Category Archives: synchronization

mutex mistakes i made (2)

We need a mutex for protecting the access to a hardware block.

Two conditions:

— the hardware block is shared by multiple processes.

— Each operation performed on this hardware block  typically lasts for 2 ms.

Therefore, the mutex is initialized as a shared object, /dev/shmem, and my code look like:

main_thread()

{

start a new operation;

}

dedicated_thread()

{

Wait for “operation completion” interrupt with a timeout;

if the user wants to stop, if is_mutex_locked == 1, unlock the mutex, and exit.

When interrupt comes, if is_mutex_locked == 1, unlock the mutex;

If enough buffers,

lock the mutex, and set is_mutex_locked to 1,

Set up the next operation.

}

Signal_thread()

{

listen to signals;

if it is signal asking for stop,

Wait for the operation complete (by reading a DMA status register); if is_mutex_locked == 1, unlock the mutex

Tell the dedicated thread to exit (by setting a global variable g_dead).

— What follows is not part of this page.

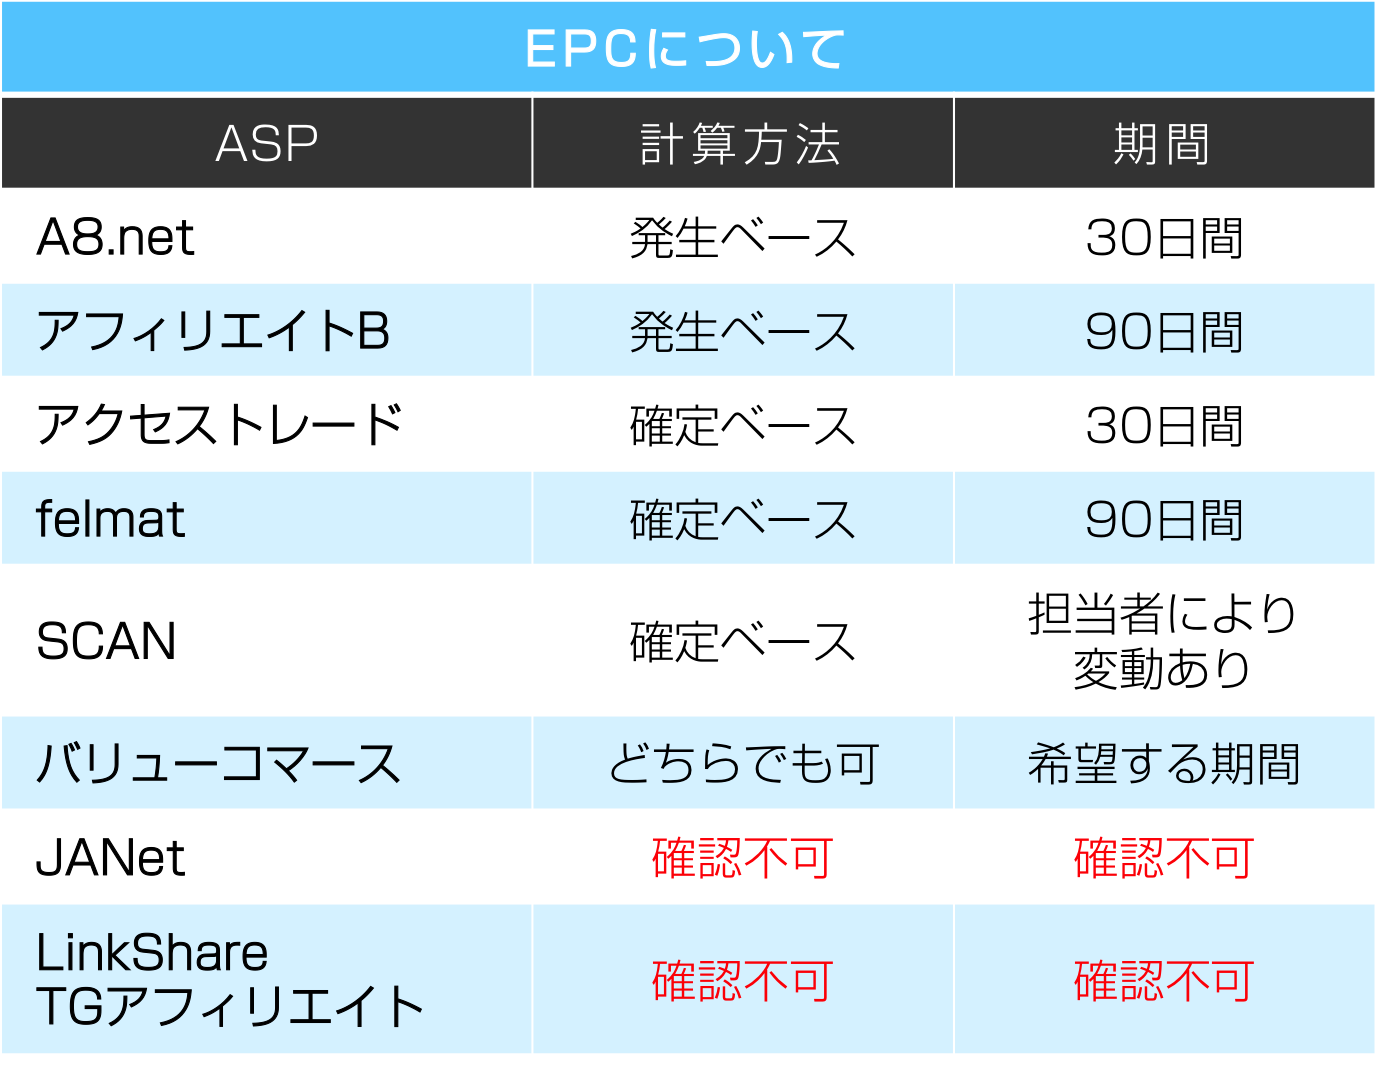 ASP別EPCの計算方法と期間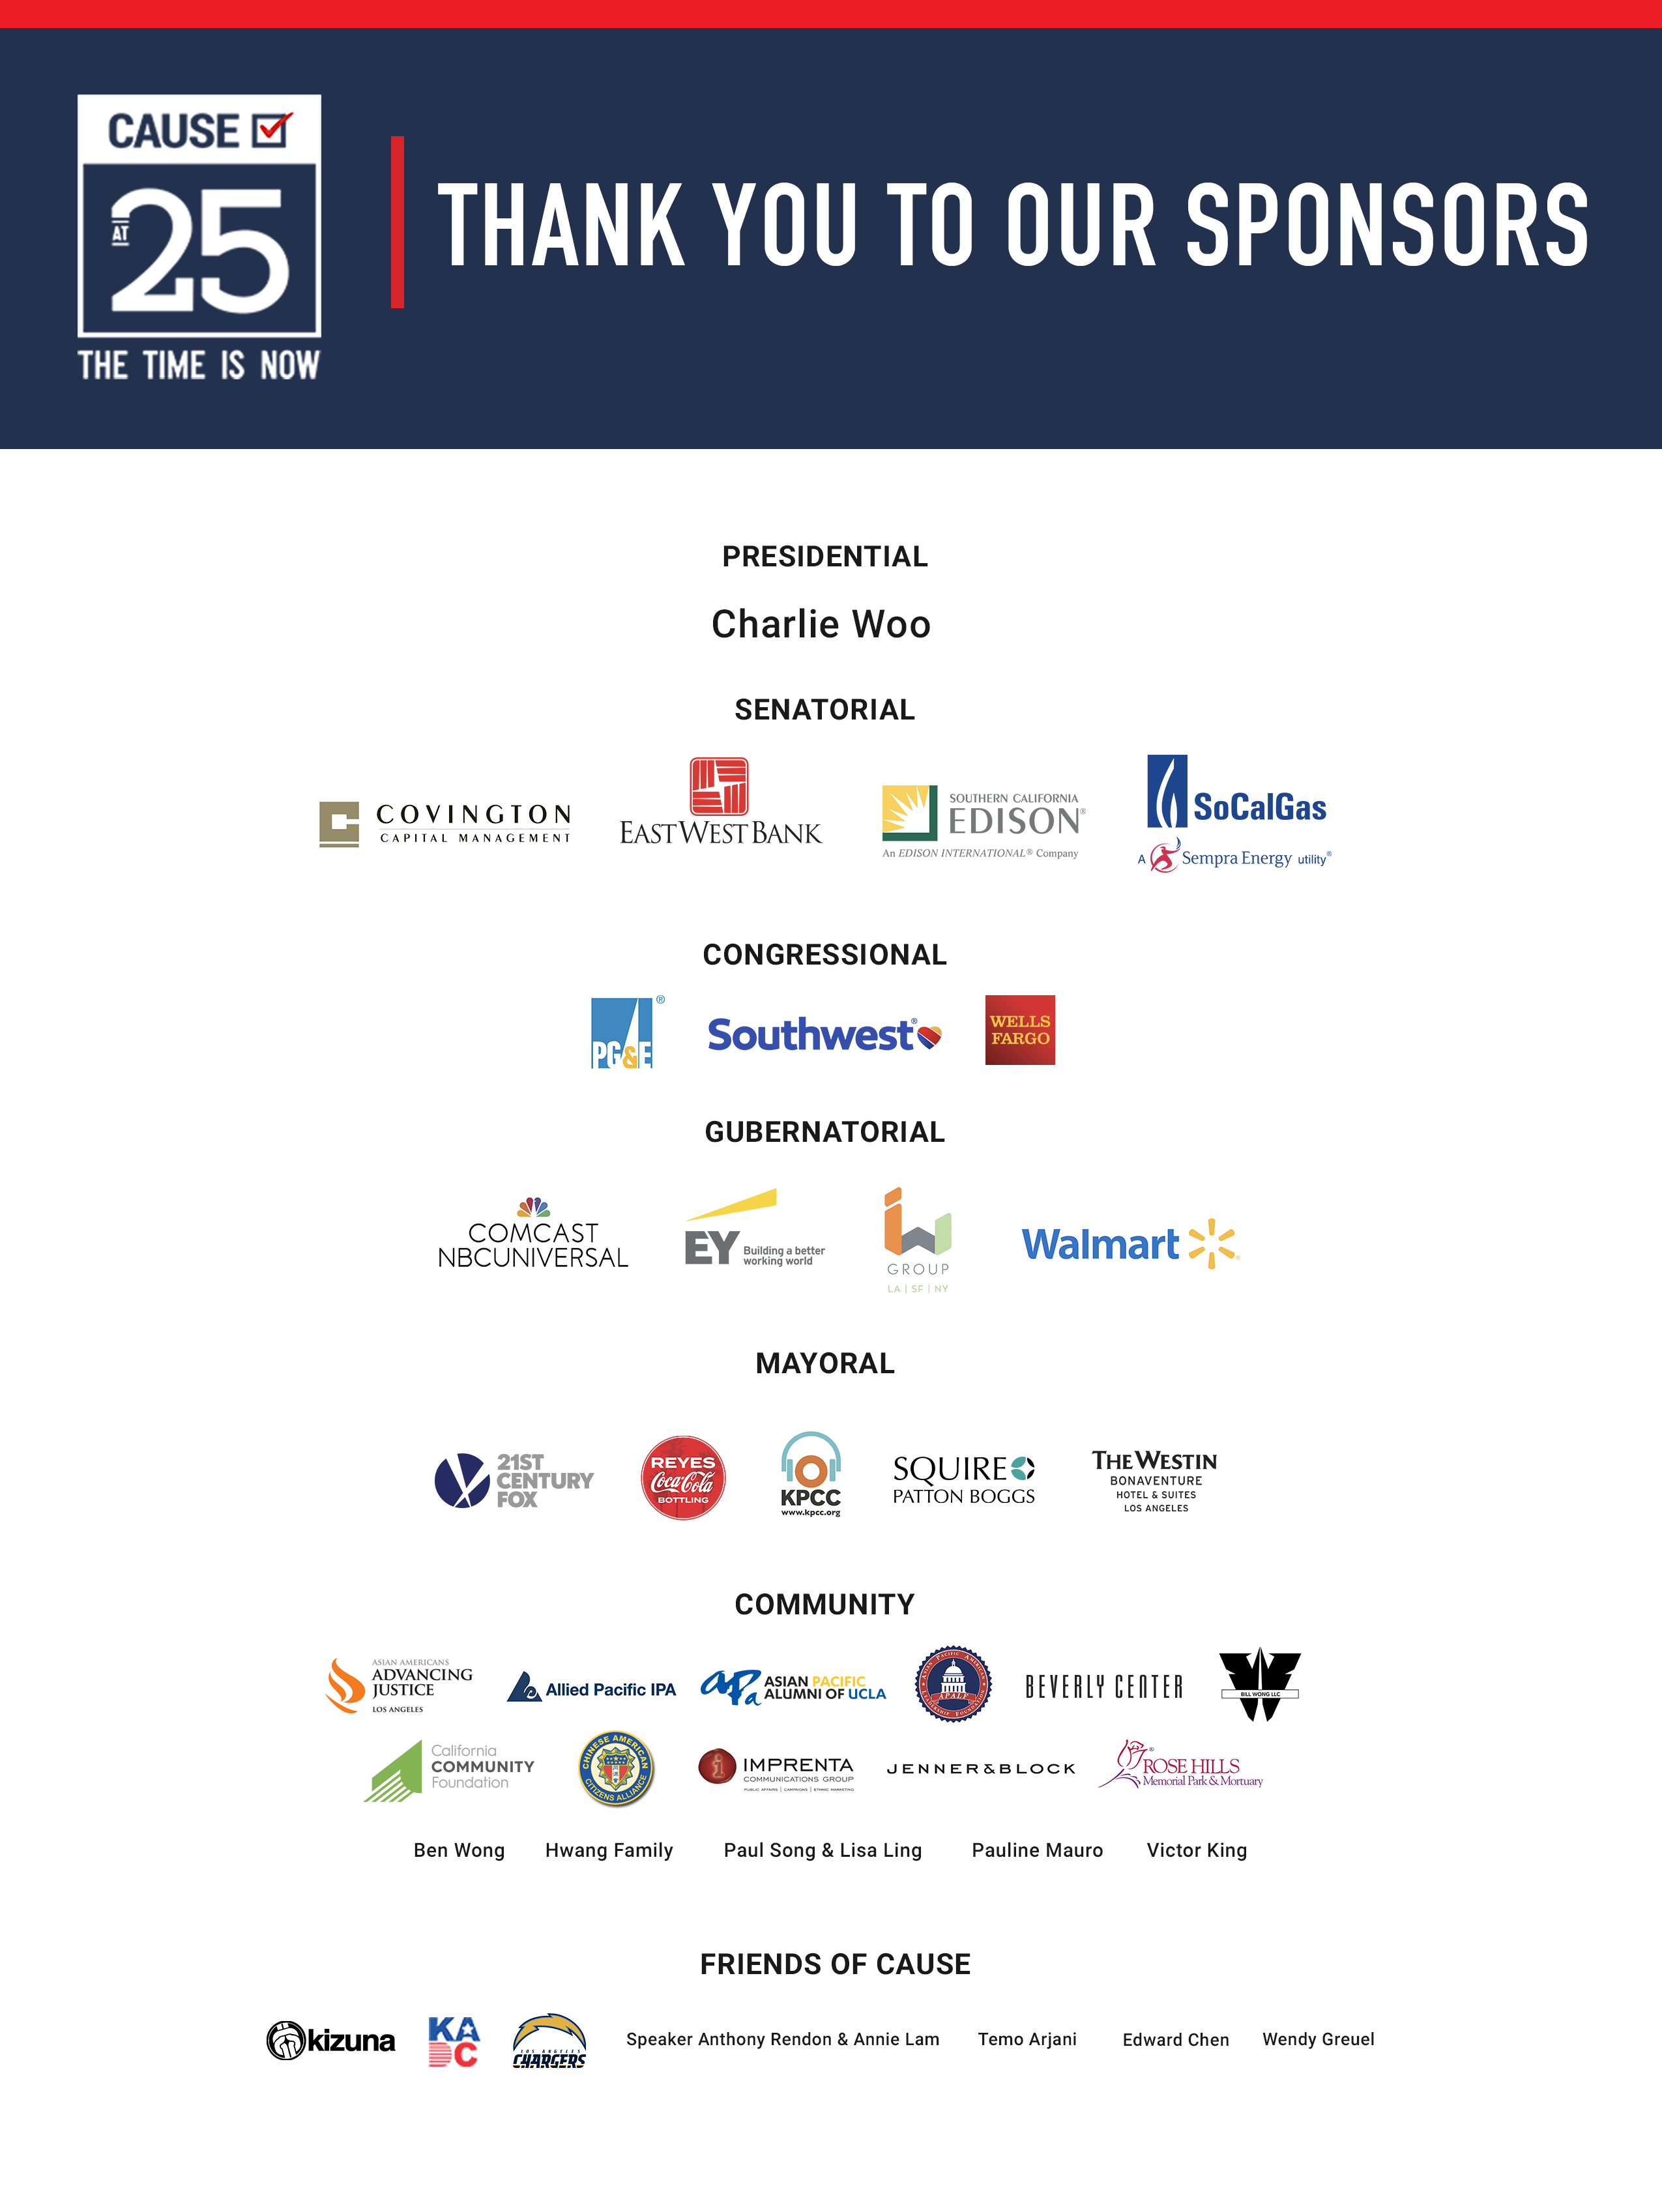 2018 Annual Gala Sponsors

Wait for the dedicated thread exit;

}

There are other two changes:

  1. I defined a global variable is_mutex_locked (done at the beginning)
  2. unlock the mutex after waiting for the operation complete..(done as the last step)

Since #2 is added, everything goes weired. another process is able to lock the mutex when the previous process is still using it, the mutex never gets unlocked…

where is the problem: main thead executes a void, useless pthread_mutex_unlock() while waiting for completion, which leads to dedicted_thread() doesn’t do any unlocking before exit.

mutex: a mistake I made

I defined a shared mutex for processes, in /dev/shmem

The mutex is for protecting the access to a hardware block. Each operation might last for 2 ms.

Dedicated_thread()

{

Wait for “operation completion” interrupt.

When interrupt comes, unlock the mutex;

(if the user wants to stop, unlock the mutex).

If required,

Lock the mutex,

Set up the next operation.

}

I wanted to only unlock the mutex if it was being locked, therefore, I add some check, an global_variable is_mutex_locked.

Don’t use global variable to indicate if the mutex is locked, or unlock it.

Stop_operation()

{

Wait for the operation complete (by reading a DMA status register);

Tell the dedicated thread to exit (by setting a global variable g_dead).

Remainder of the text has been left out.